## [WHAT TO DO]
In the records below, find the line holding "60 Watt Metal" and the line holding "New Disney Auctions". Set down both, with every line between them, exactly.

## [ENTRIES SHOWN]
───
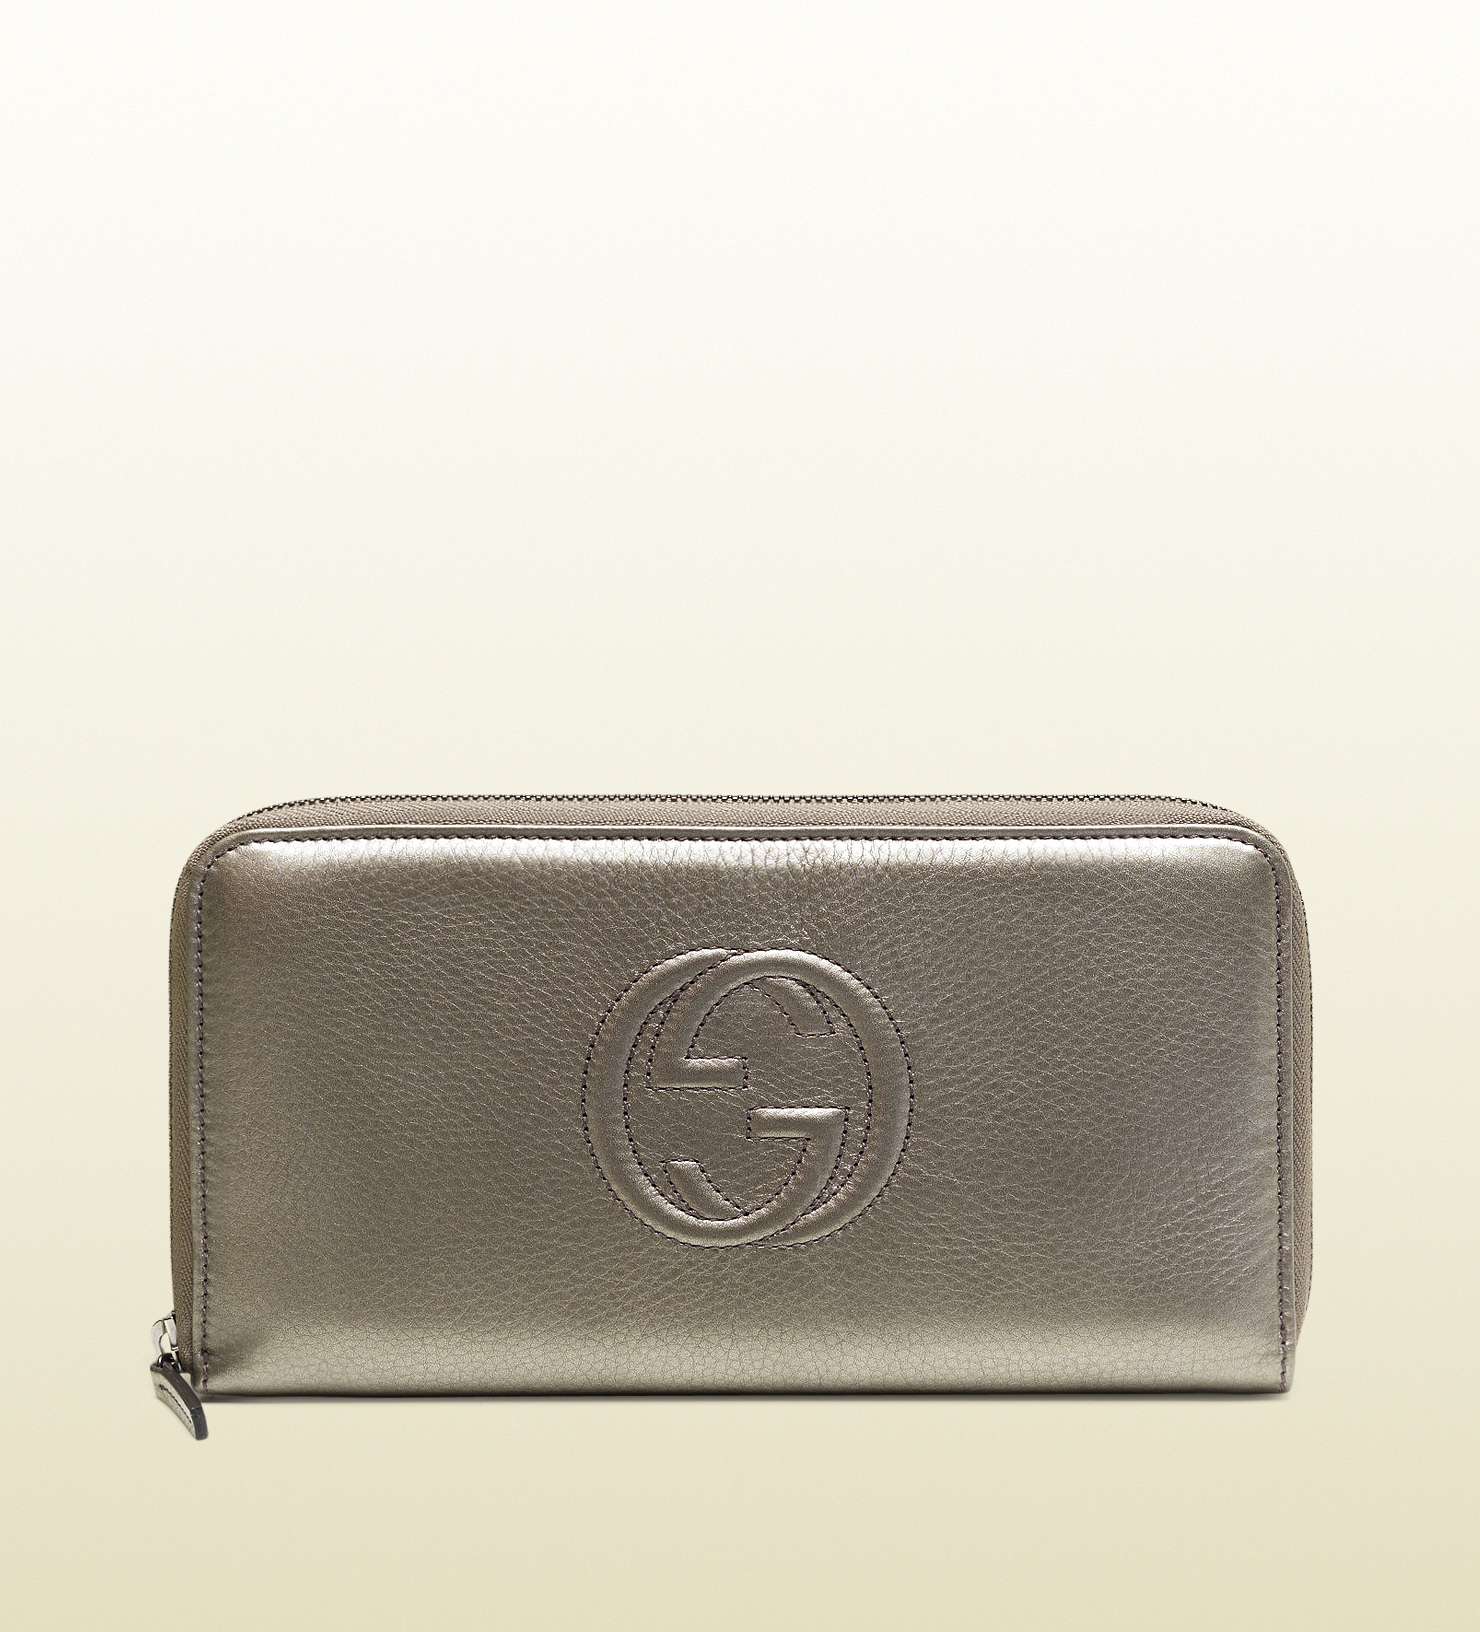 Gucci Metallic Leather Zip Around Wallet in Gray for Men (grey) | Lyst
───
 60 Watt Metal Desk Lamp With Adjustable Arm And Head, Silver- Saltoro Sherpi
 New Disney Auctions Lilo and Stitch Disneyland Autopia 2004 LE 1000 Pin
───
## [RESPONSE TO THIS EXERCISE]
 60 Watt Metal Desk Lamp With Adjustable Arm And Head, Silver- Saltoro Sherpi
 New Disney Auctions Lilo and Stitch Disneyland Autopia 2004 LE 1000 Pin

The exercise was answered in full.